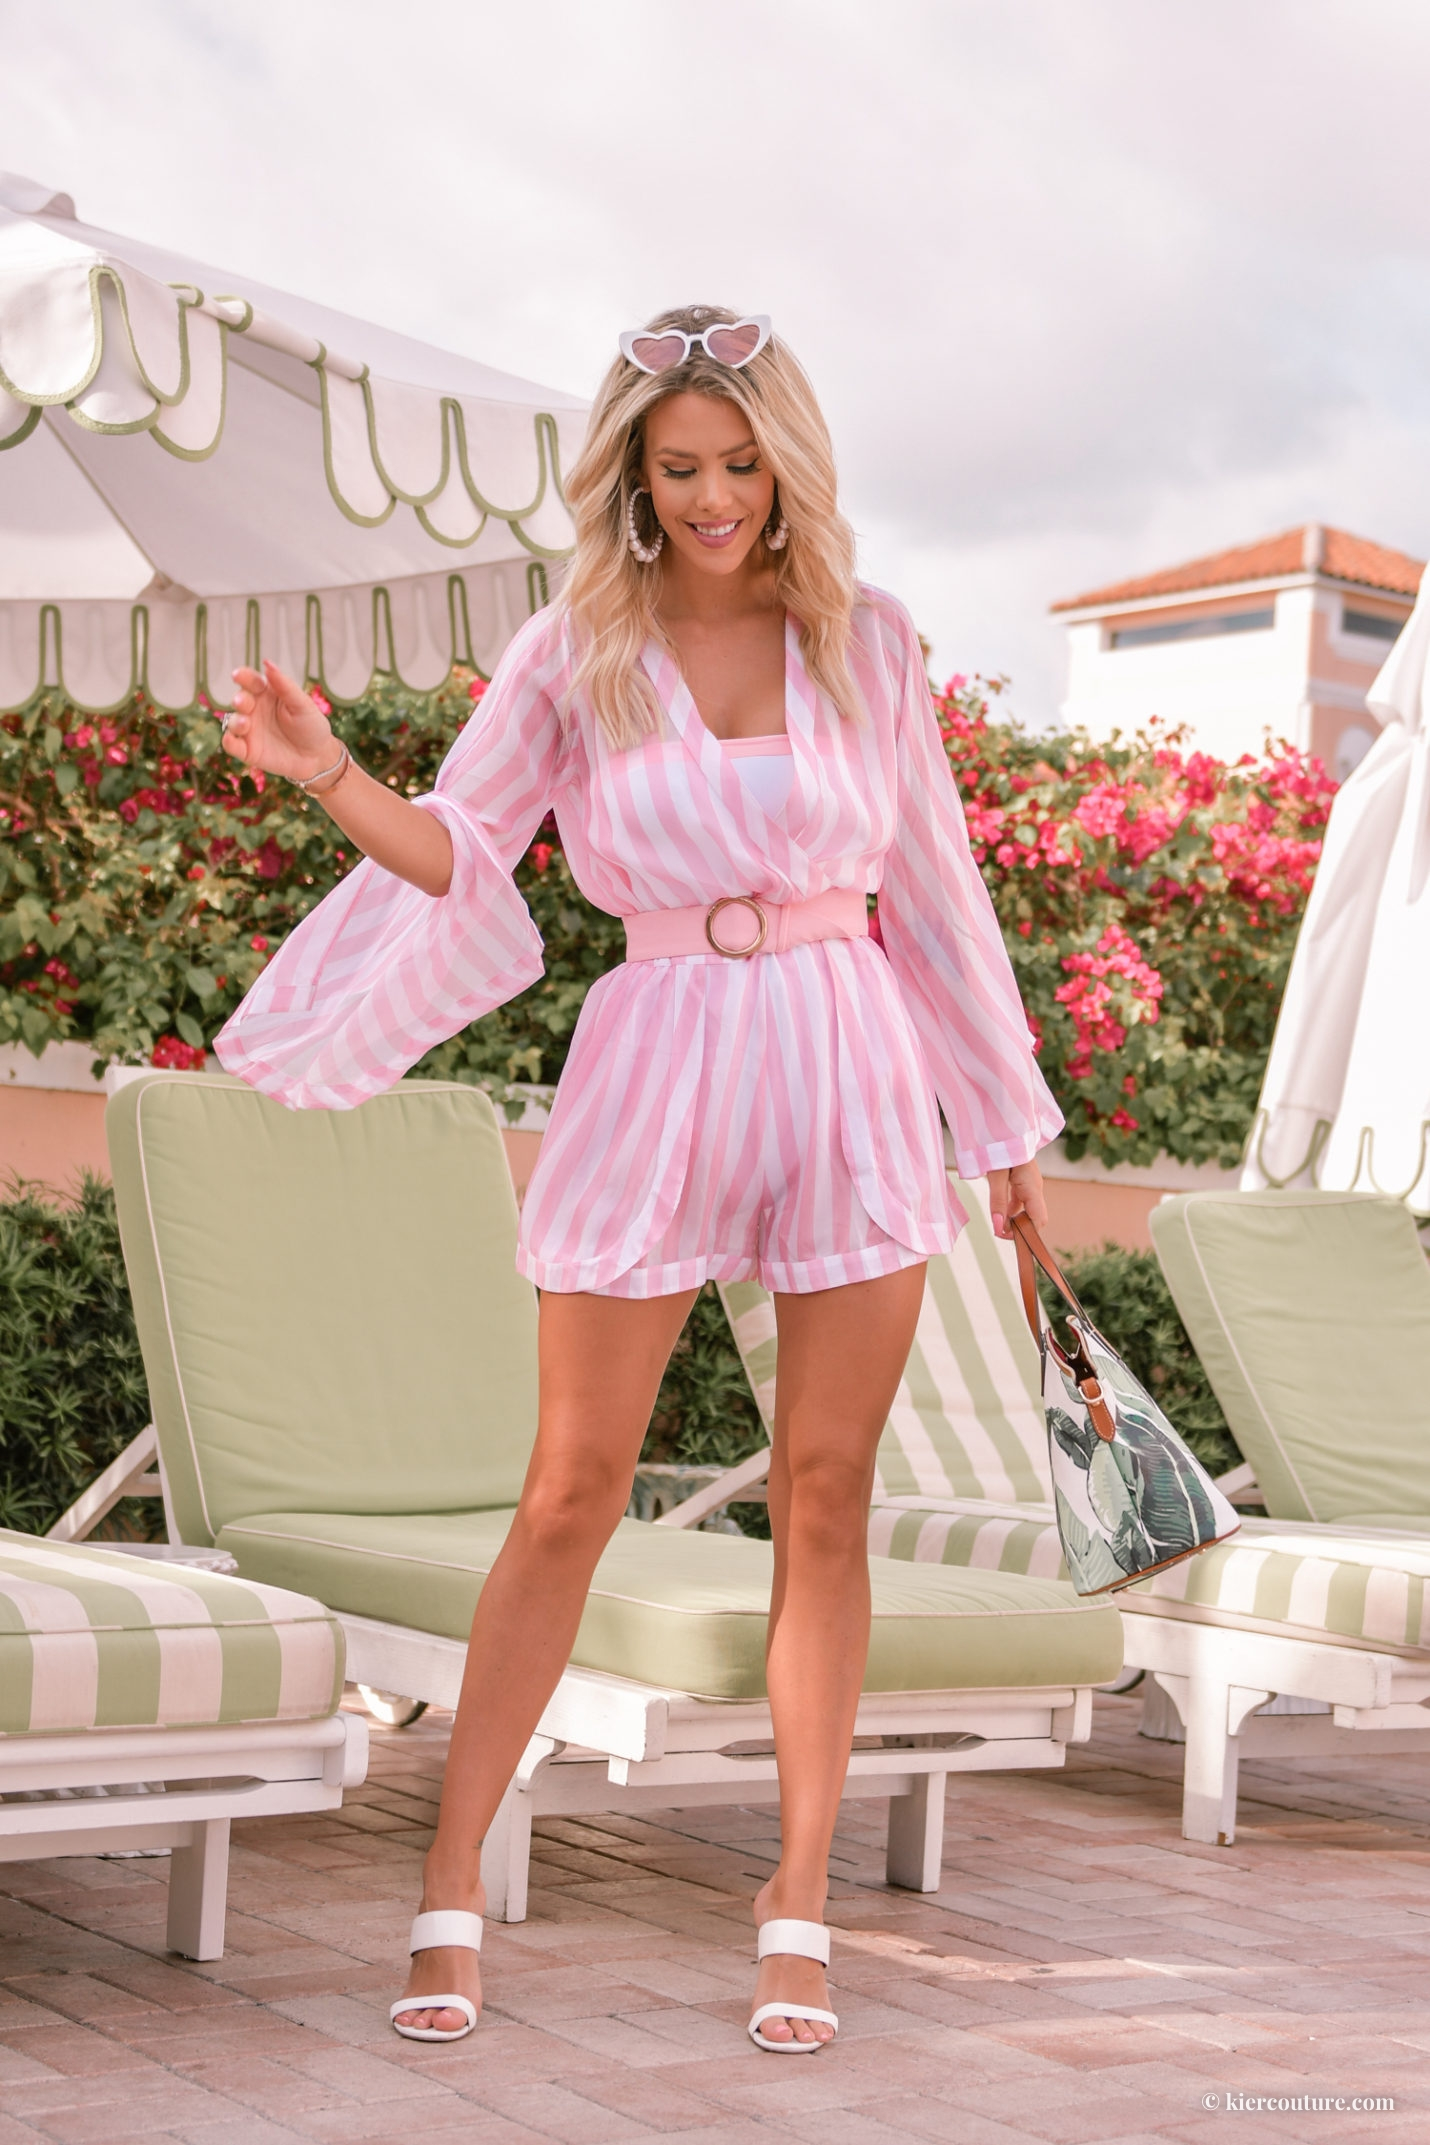 Kier Mellour in Alexandra Miro Candy Stripe Playsuit
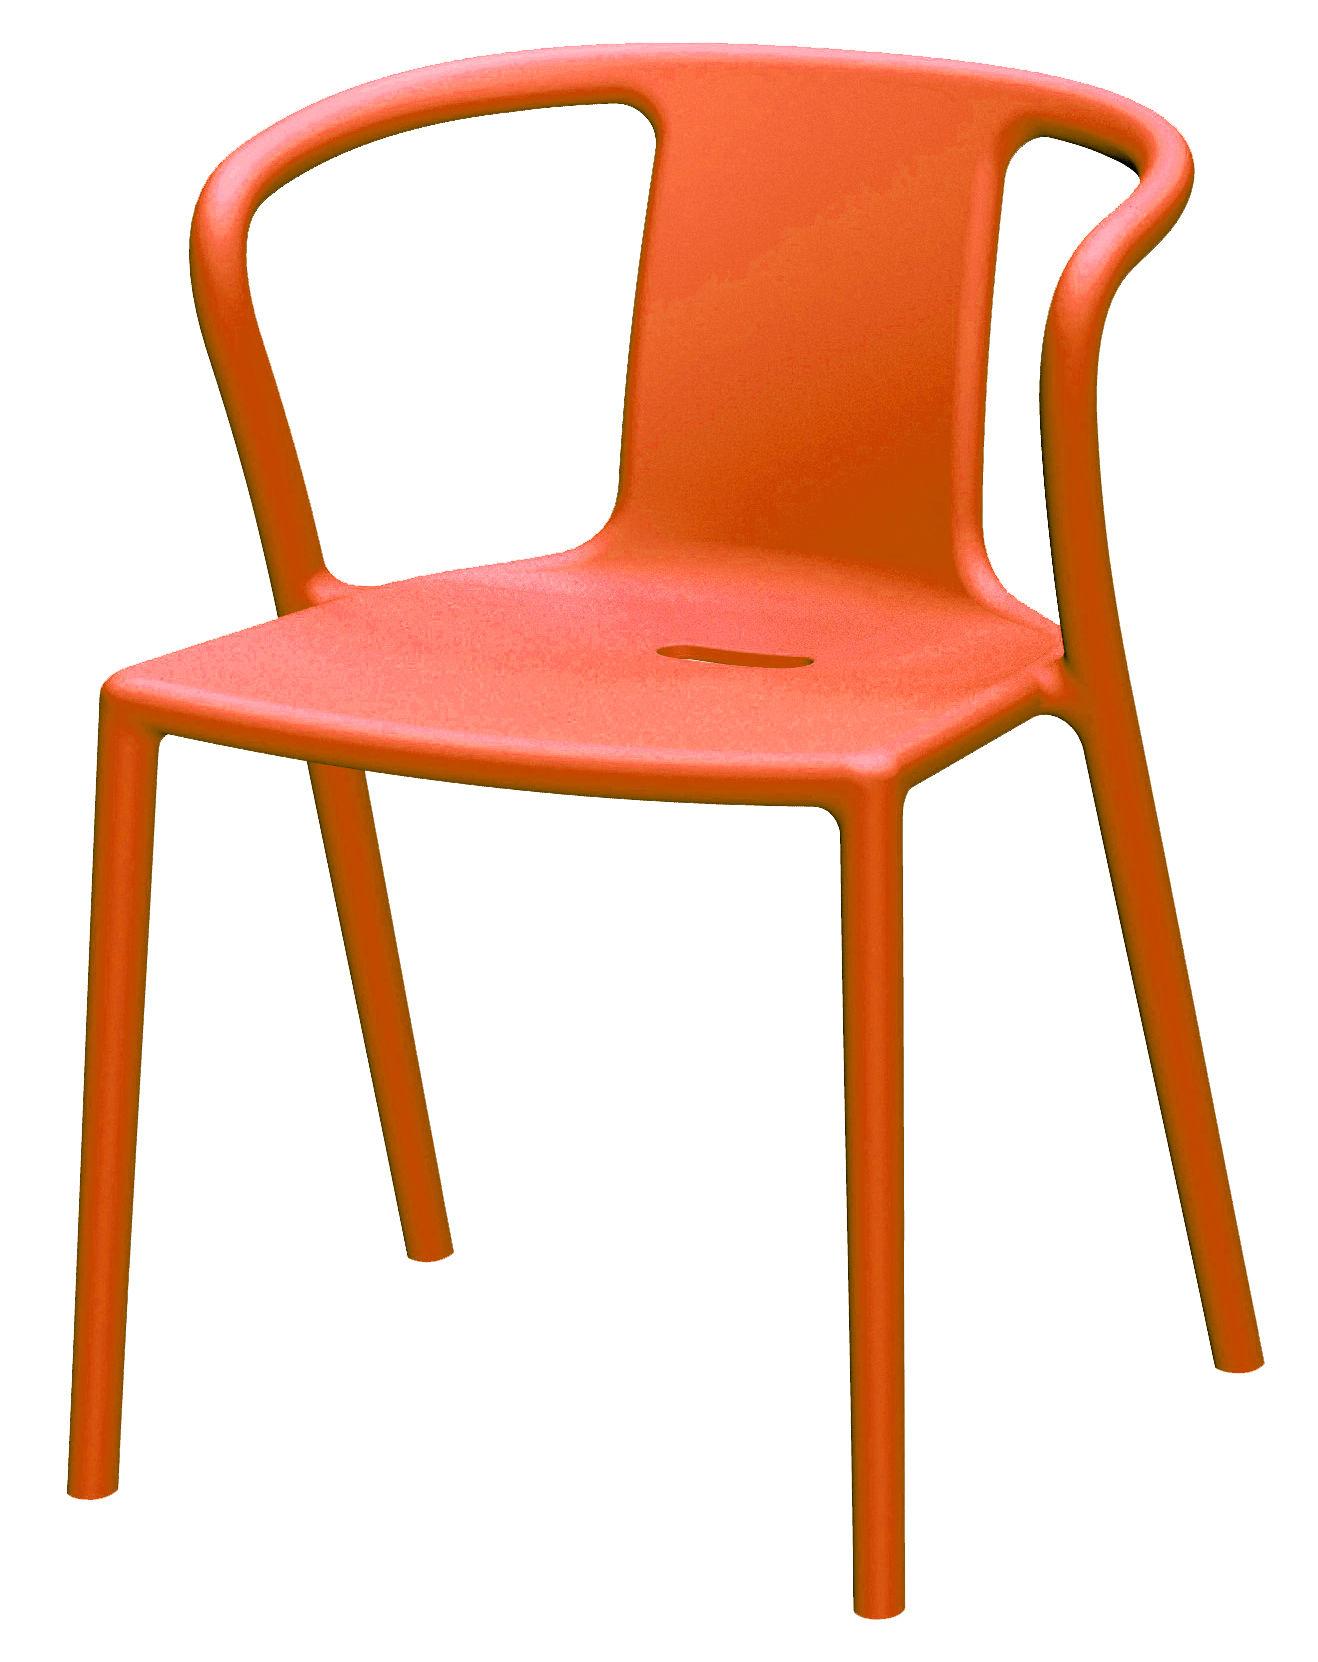 Arredamento - Sedie  - Poltrona impilabile Air-Armchair di Magis - Arancione - Polipropilene
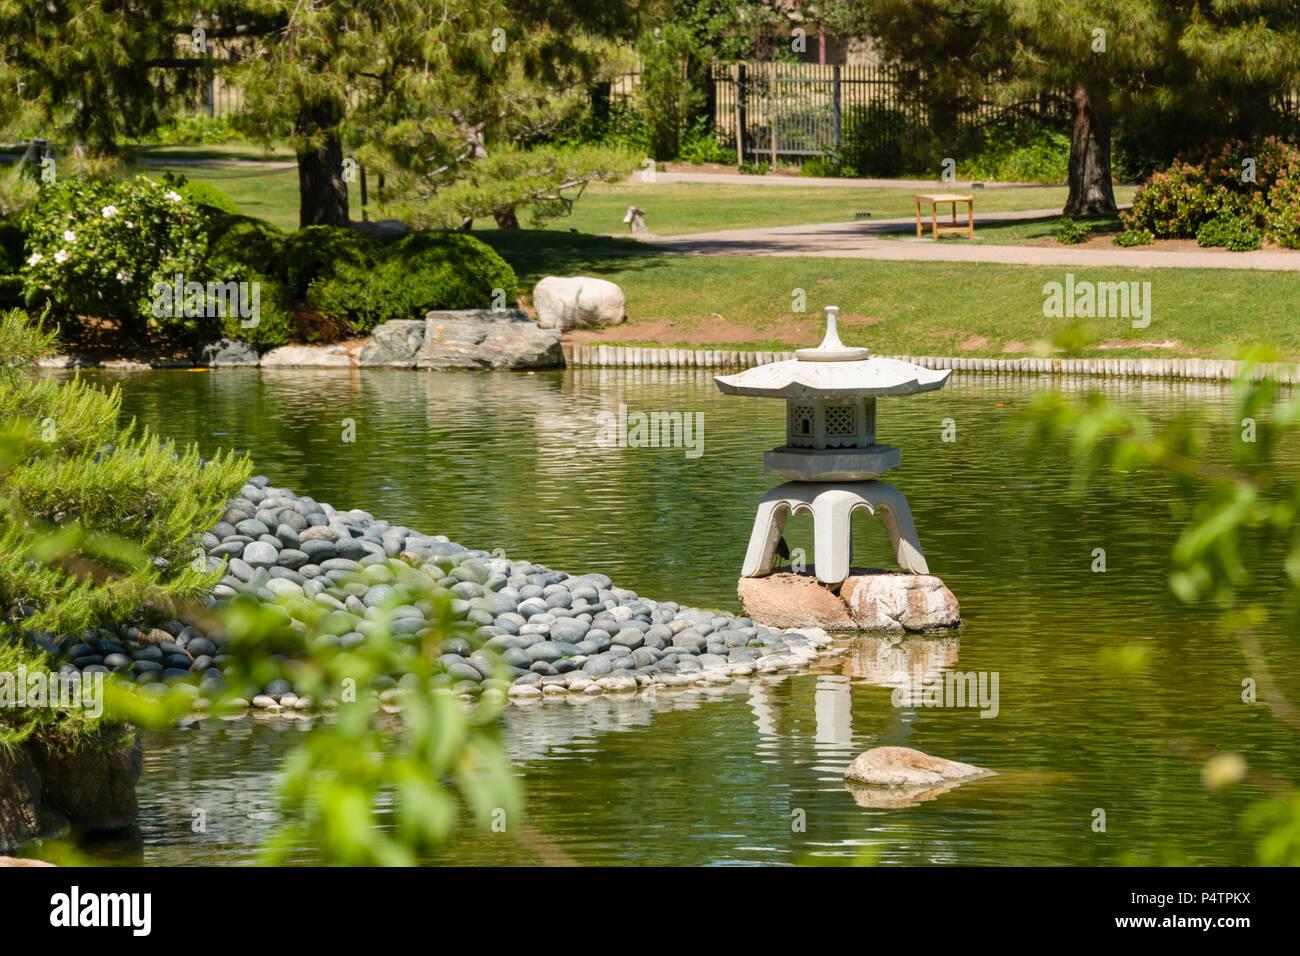 Japanese Friendship Garden Koi Pond And Stone Lantern Stock Photo Alamy
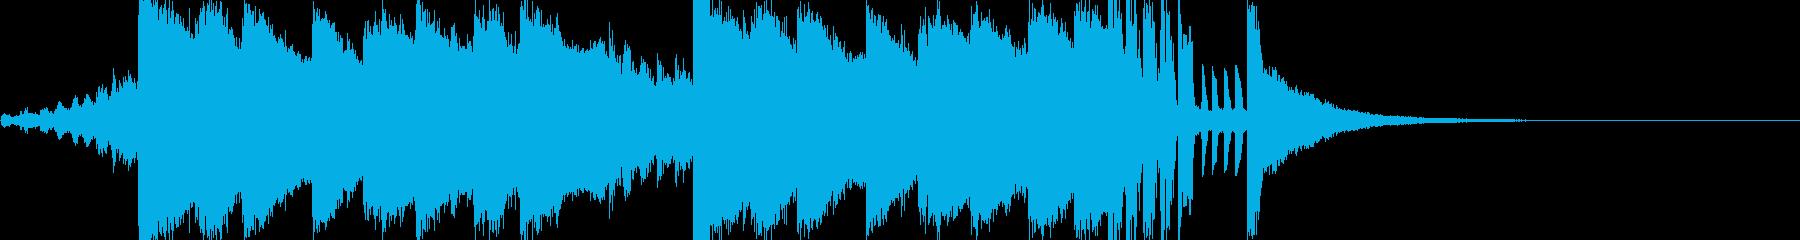 Trap+HipHop系 ジングル用の再生済みの波形
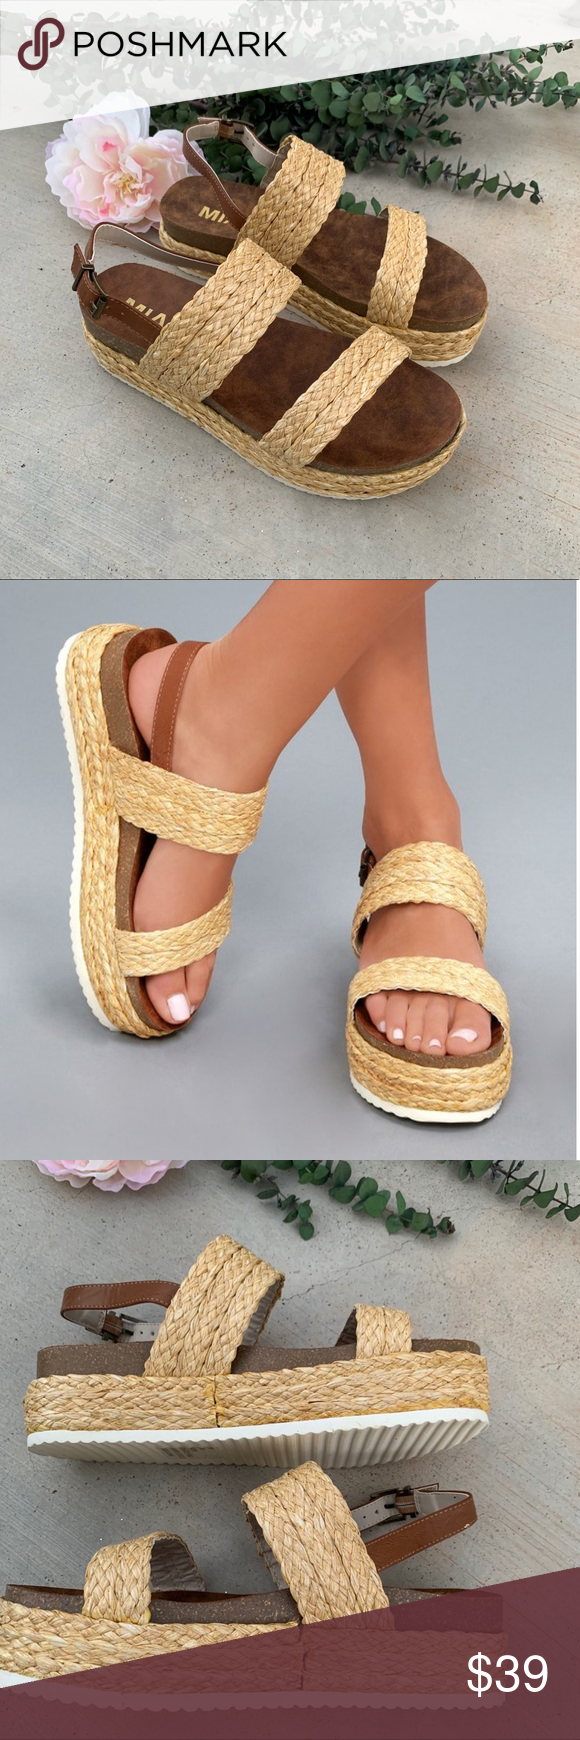 6b3e35d2f28 Mia Ava Raffia Platform Sandal Mia Ava Raffia Platform Sandal Color   Natural Ra Condition

_ _ _ _ _

WHAT YOU WILL DO: The required answer is the lines from the one that contains "Trap+HipHop系 ジングル用の再生済みの波形" through the last line of the records, restated word for word, with every picture dropped.

RESULT OF THE TASK:
 Trap+HipHop系 ジングル用の再生済みの波形
 6b3e35d2f28 Mia Ava Raffia Platform Sandal Mia Ava Raffia Platform Sandal Color   Natural Ra Condition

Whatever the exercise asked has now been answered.